Only some lines are wanted: please transcribe exactly those from the one containing "Outdoor security lighting" through the end of the data, pictures excluded.

## DATASET EXCERPT
=== Section Start ===

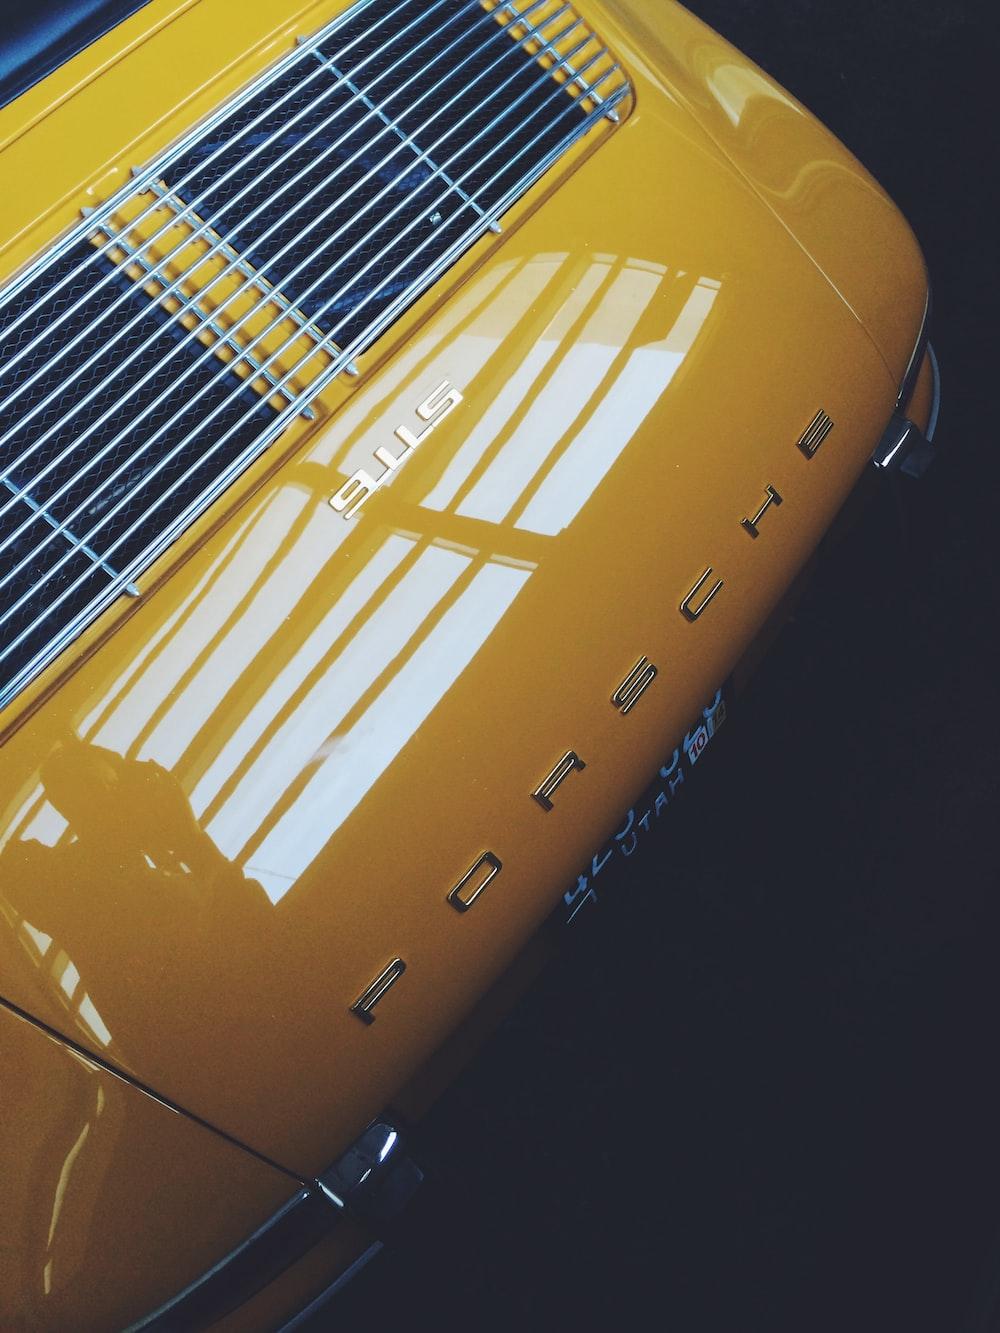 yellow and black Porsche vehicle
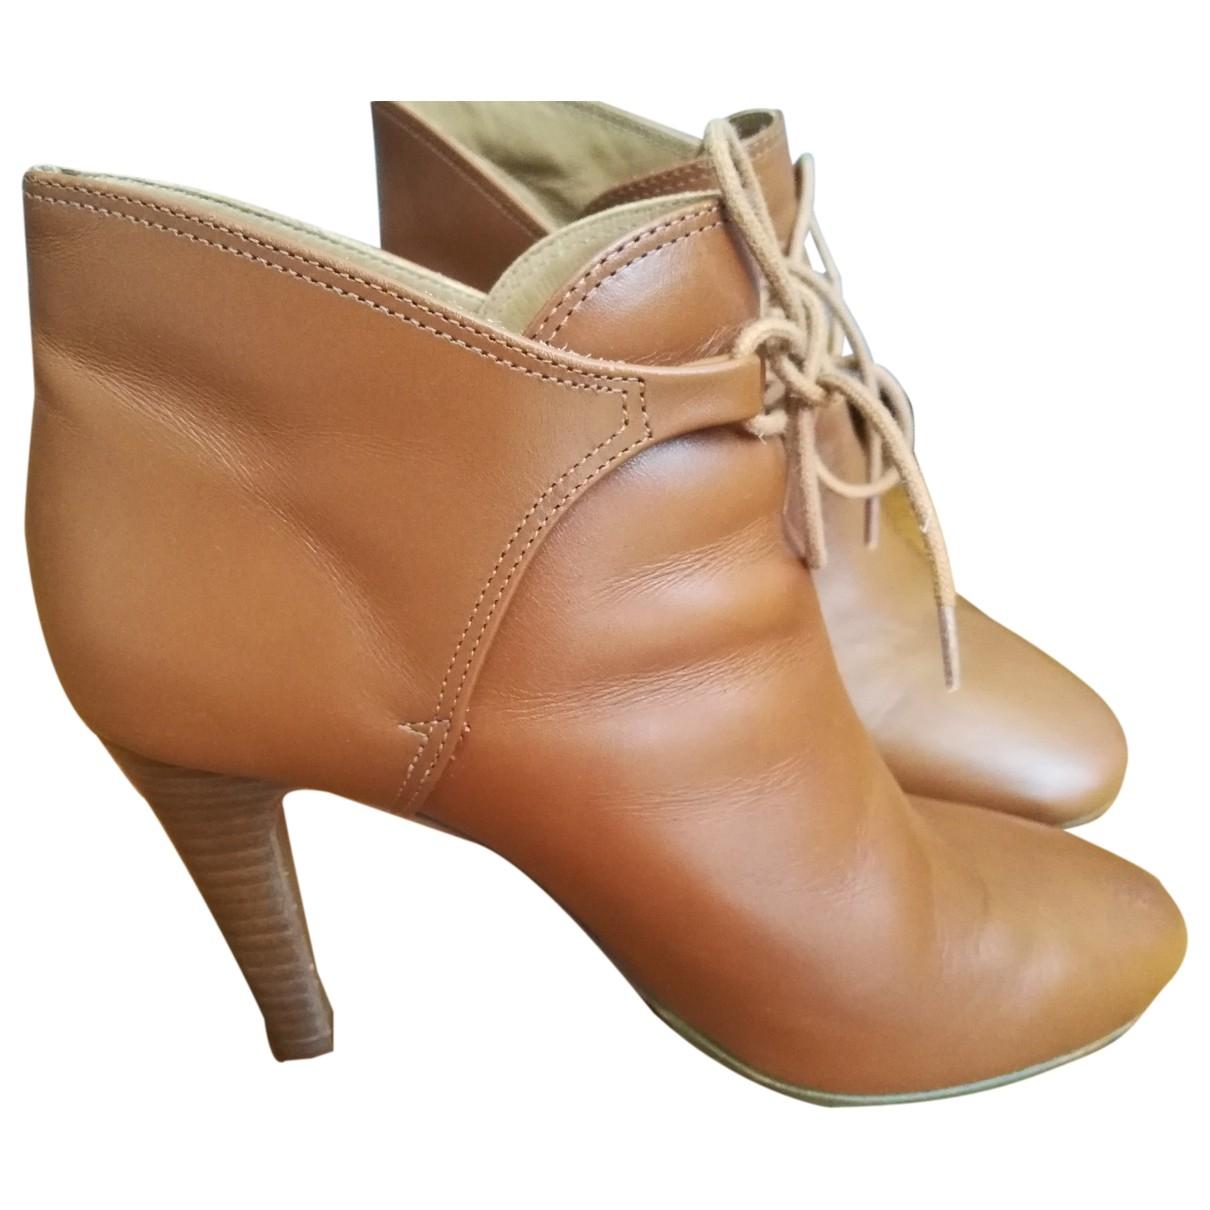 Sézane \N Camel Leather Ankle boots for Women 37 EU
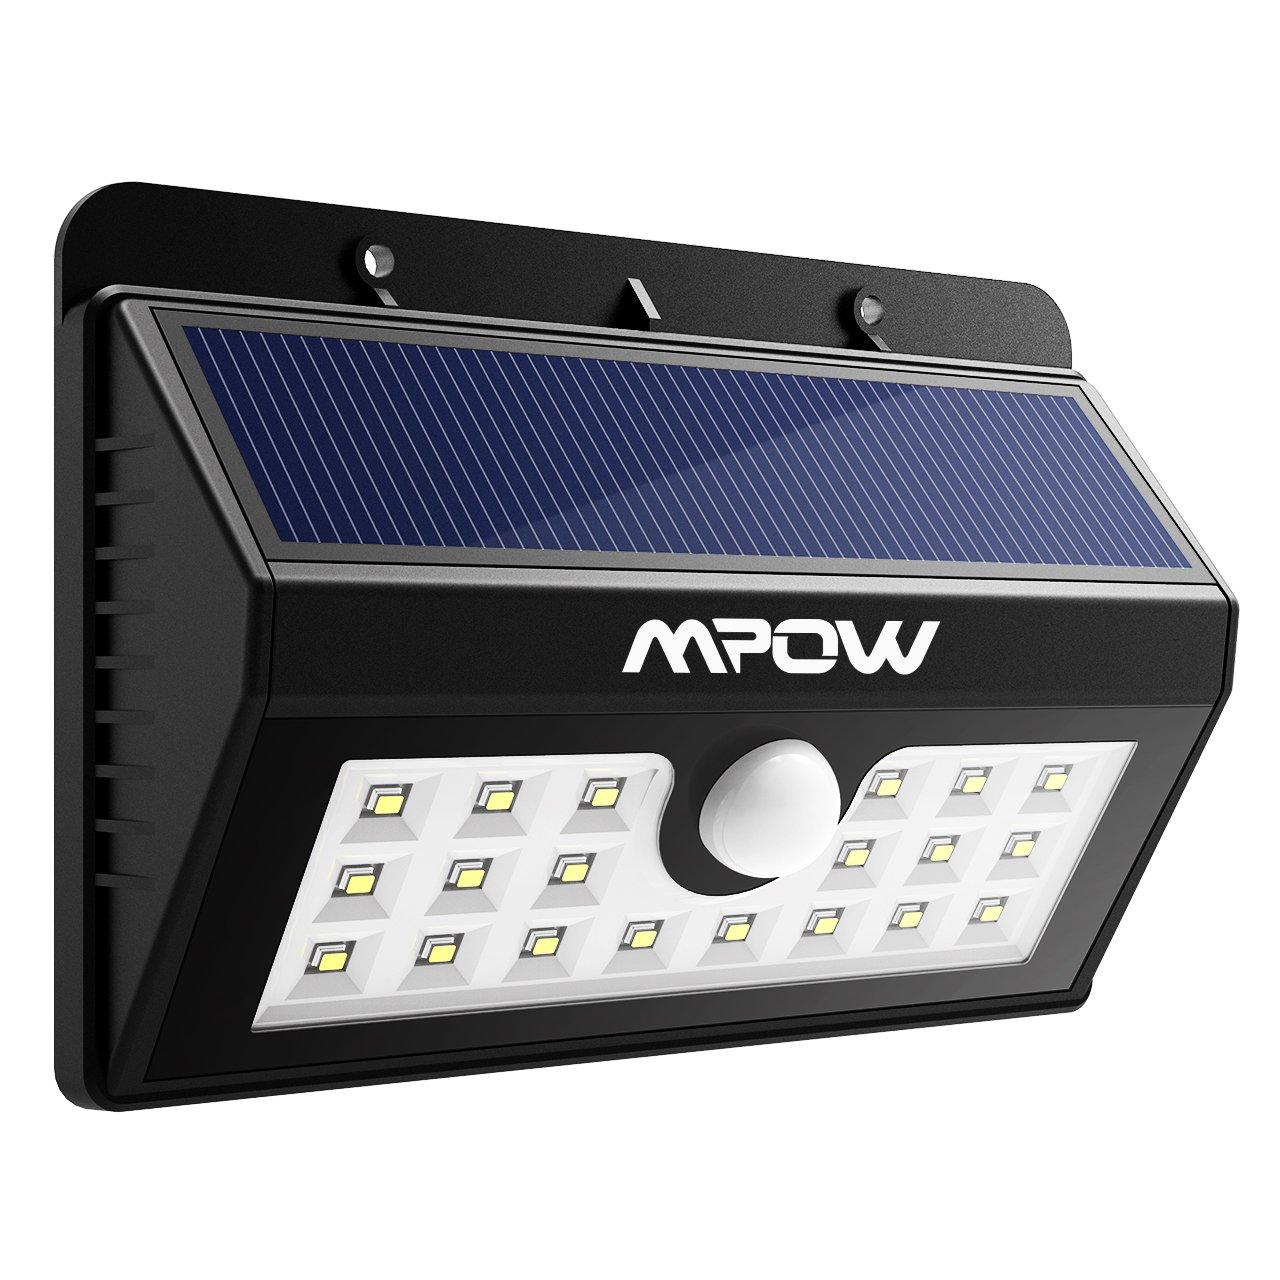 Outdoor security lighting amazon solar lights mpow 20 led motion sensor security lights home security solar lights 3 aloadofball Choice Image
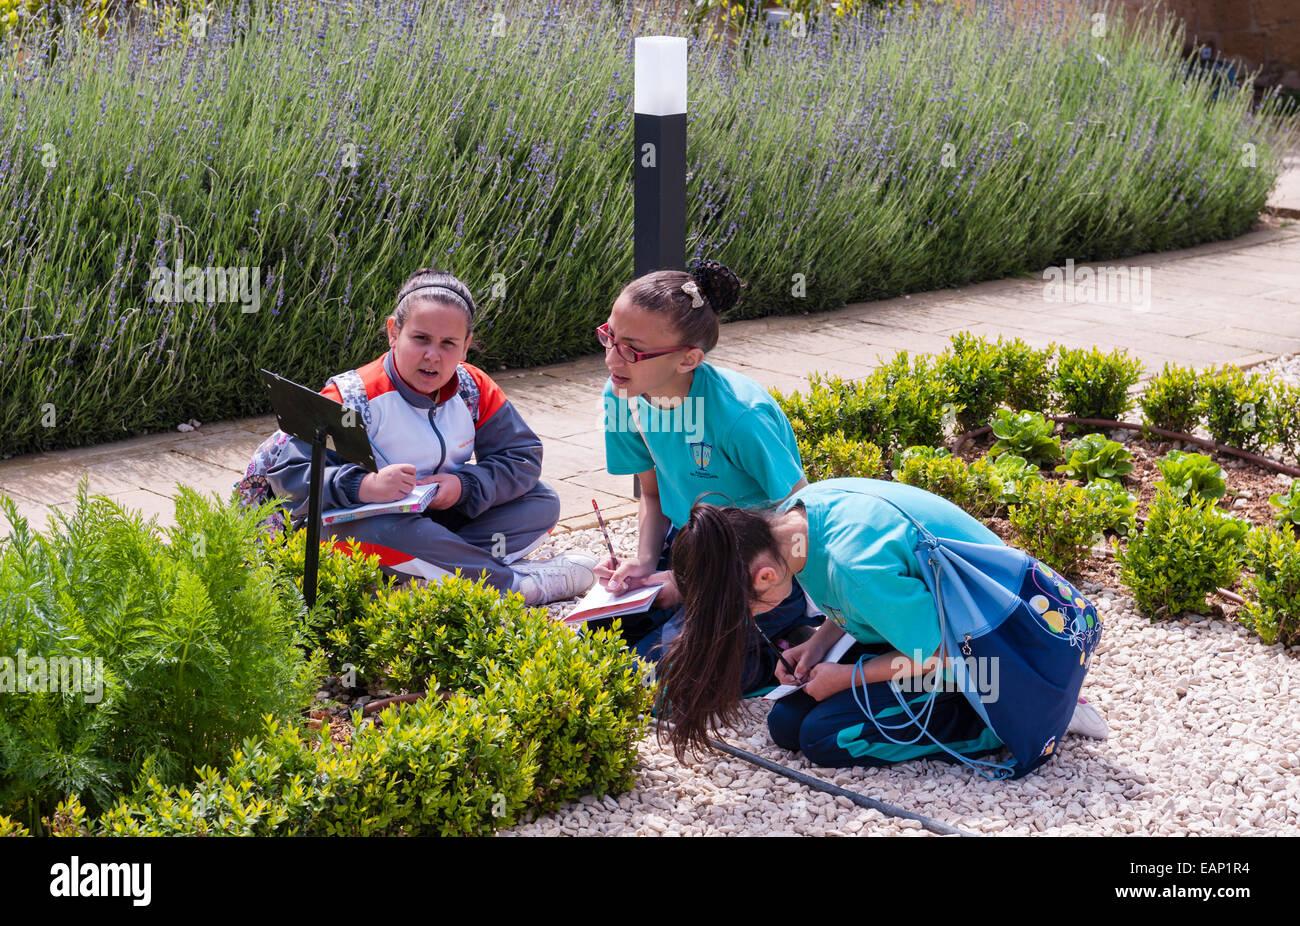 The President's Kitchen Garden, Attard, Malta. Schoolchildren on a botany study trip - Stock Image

=== Section End ===

## OUTPUT FOR THIS TASK
 Outdoor security lighting amazon solar lights mpow 20 led motion sensor security lights home security solar lights 3 aloadofball Choice Image
 The President's Kitchen Garden, Attard, Malta. Schoolchildren on a botany study trip - Stock Image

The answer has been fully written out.